#CookingTomorrow | Culinary Institute of Barcelona blog

CIBer Tom Bosch wins the Celler De Can Roca contest

Written by Andrea Robles Castro | 07, April, 2022

For years, the Roca brothers have been carrying out an initiative to promote talent within the stagiers of Celler Can Roca, which this year, has been unveiled for the first time in Madrid Fusión. 

1.The Celler Can Roca contest

2.The winning dish: Tom's Land

The Celler Can Roca competition

For several years now, the Roca brothers have been running a competition between the stagiers del Celler De Can Roca, chefs who are doing their internships there to complete their training. The prize? Including the winning dish on the Celler's menu, and a dinner at the three Michelin star restaurant.

"It's a way of making the most of internal talent, of using the creativity of the boys and girls who come from all over the world", explains Roca during his speech at Madrid Fusión.

During the competition, participants can use any of the foods available in the restaurant or even bring in products from outside the restaurant, but Tom decided to make a dish only with products from his own batch, the snacks.

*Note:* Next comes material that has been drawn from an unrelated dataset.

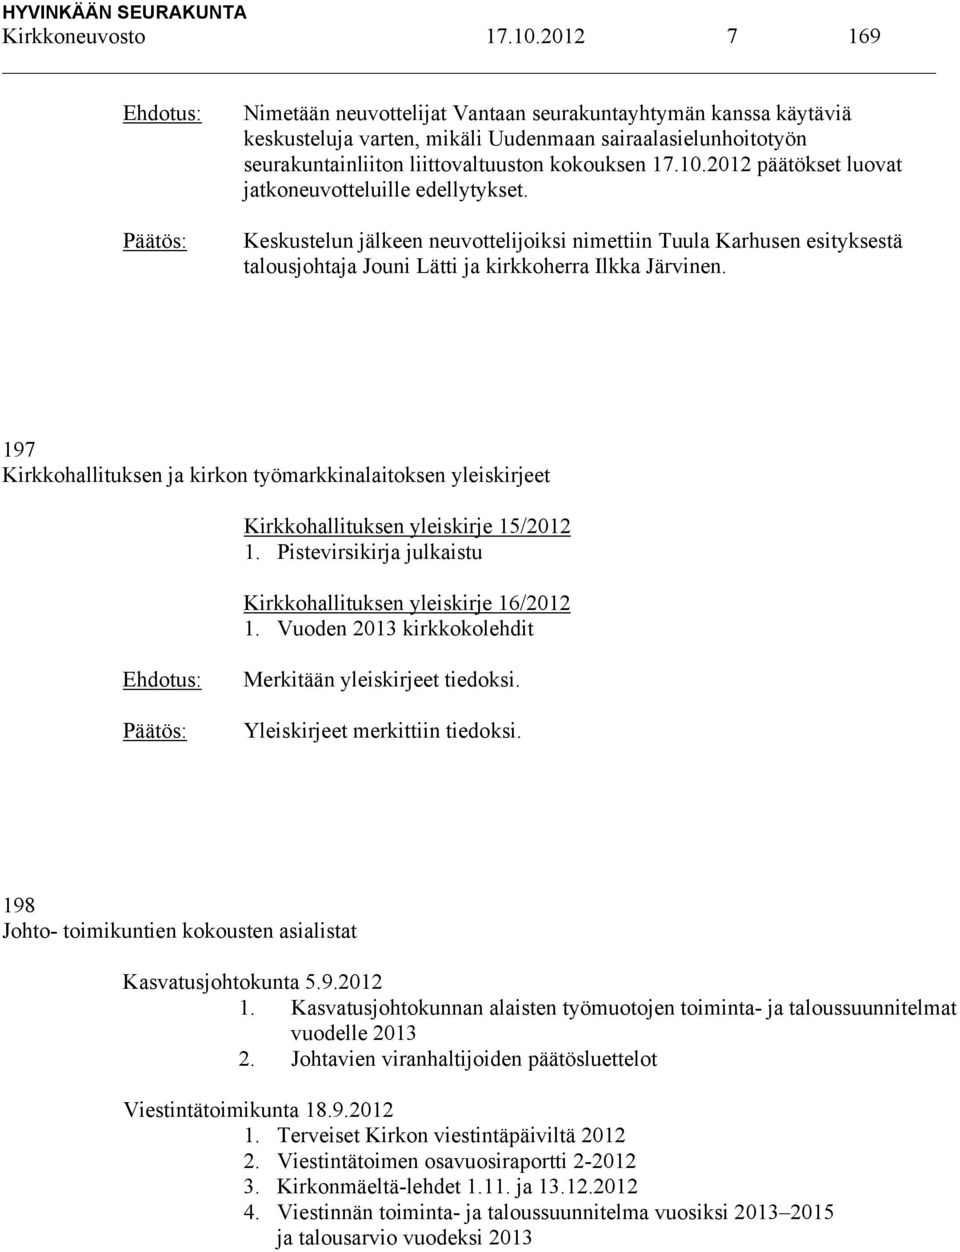 2012 päätökset luovat jatkoneuvotteluille edellytykset. Keskustelun jälkeen neuvottelijoiksi nimettiin Tuula Karhusen esityksestä talousjohtaja Jouni Lätti ja kirkkoherra Ilkka Järvinen.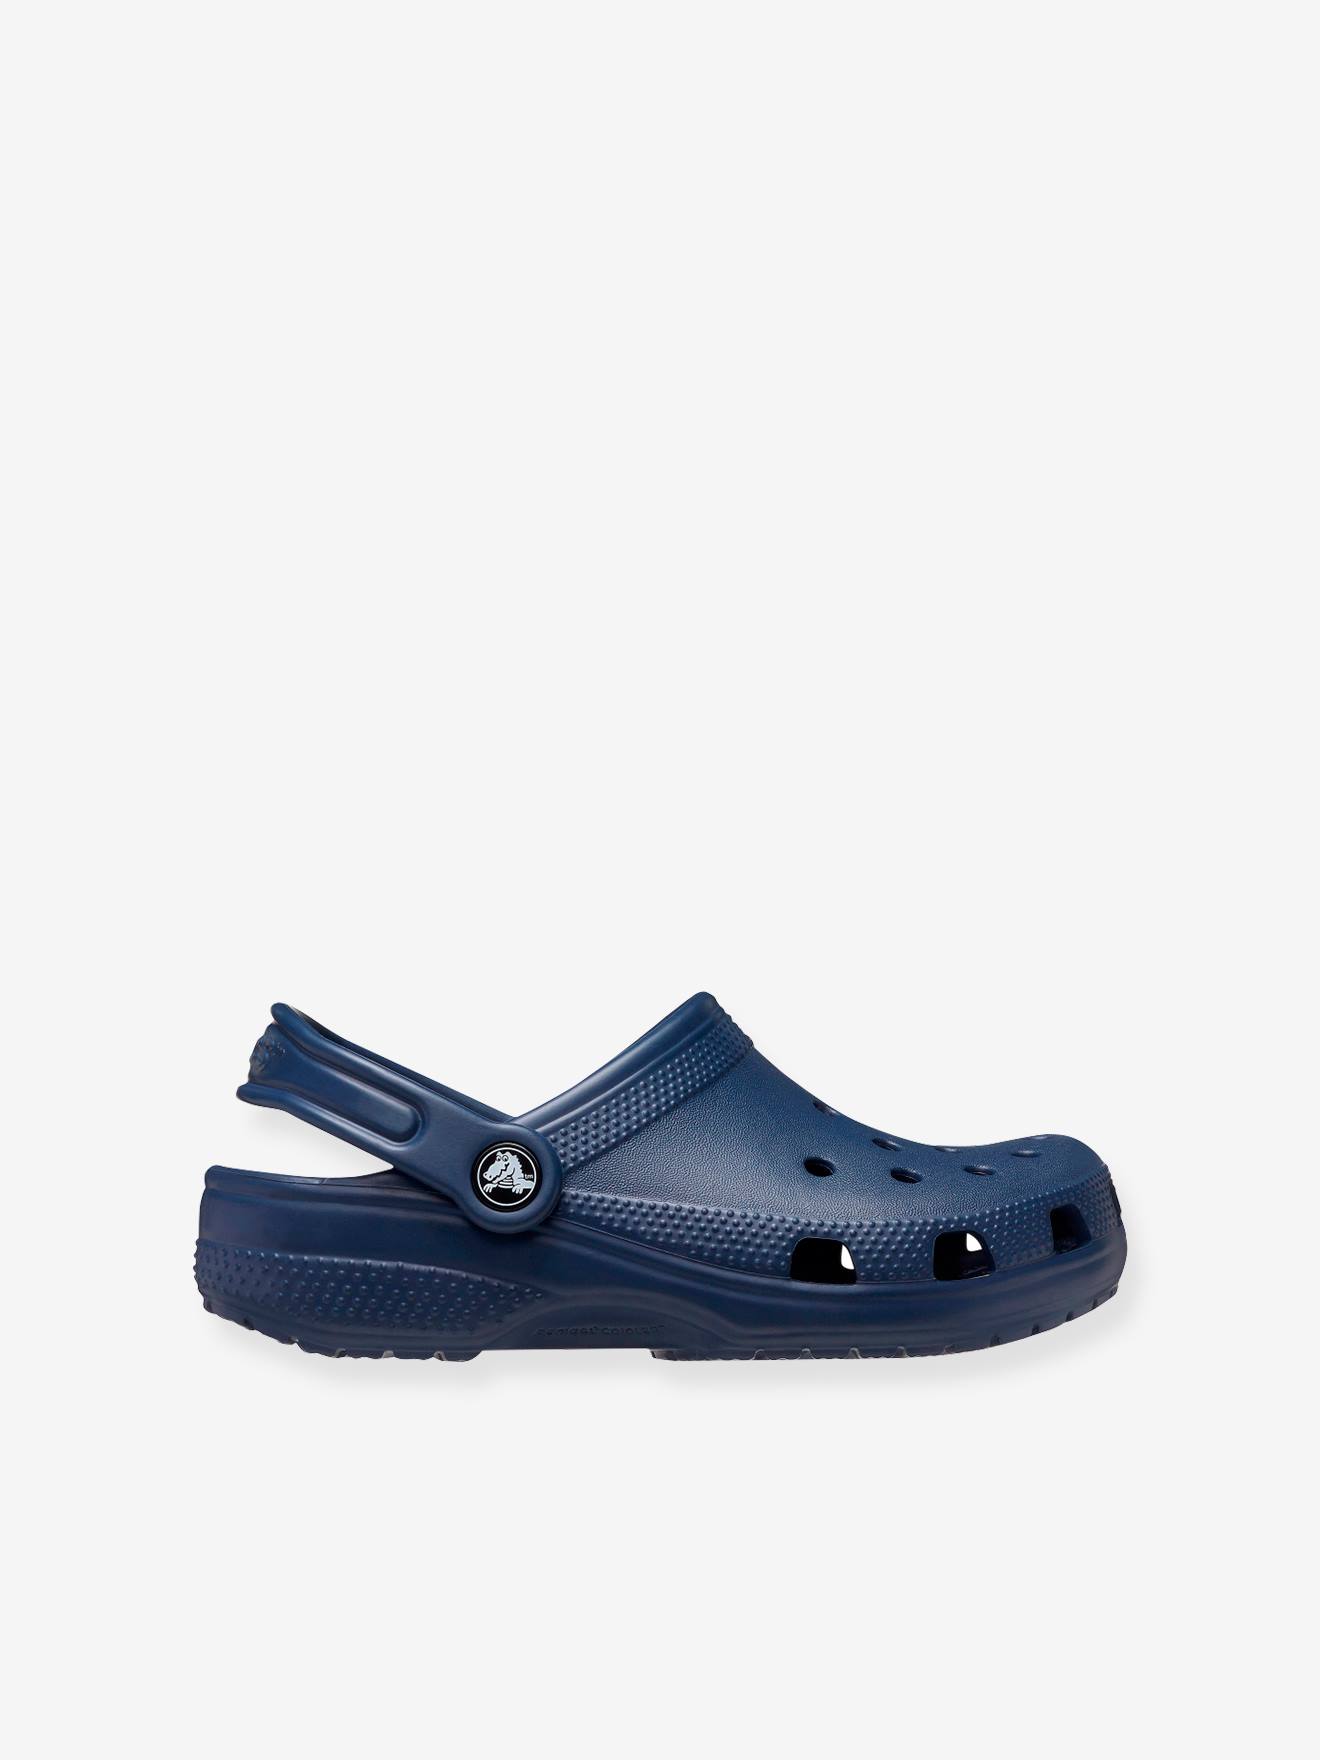 Schoenen Jongensschoenen Sandalen Youth navy blue crocs sandals new size 8

On the same day Tom received the news, the students of the eighth graduating class of the Haute Chef Diploma and part of the staff were visiting the Celler, so we took the opportunity to sit down and interview Tom on the restaurant's terrace and let him tell us first-hand about the process of developing his dish and what it's like to do the stage at one of the world's best restaurants

The winning dish: Tom's Land

The Roca brothers were impressed by Tom's creativity, who managed to build a story around the dish, recreating the Mas Marroch farmland, from which the Celler is nourished, to show how the different seasons pass through it.

"He made the dish only with products recovered from his partee, things we were throwing away," says Roca. "He even mounted it on a plate that we were going to throw away, because it was broken. He turned it over and kept on serving".

The dish is divided into several layers. The base is composed of pear and tupinambo, two ingredients that were part of the original batch. On top, we find beans and buckwheat recovered from old varieties. One level up, green leaves that were not used, such as skins or husks, simulating autumn. On top, smoked pecan nuts, with roasted milk powder. To say goodbye to autumn, a pear slush that simulates rain to give way to the last layer, freeze-dried spinach, which simulates the first shoots of spring.

"The story seemed so fantastic to me that I said, we have to tell it," says Roca. "But not so much for the originality of the dish, but for the intangibles linked to this idea: making the most of the land and its life cycle. So simple and yet so powerful at the same time".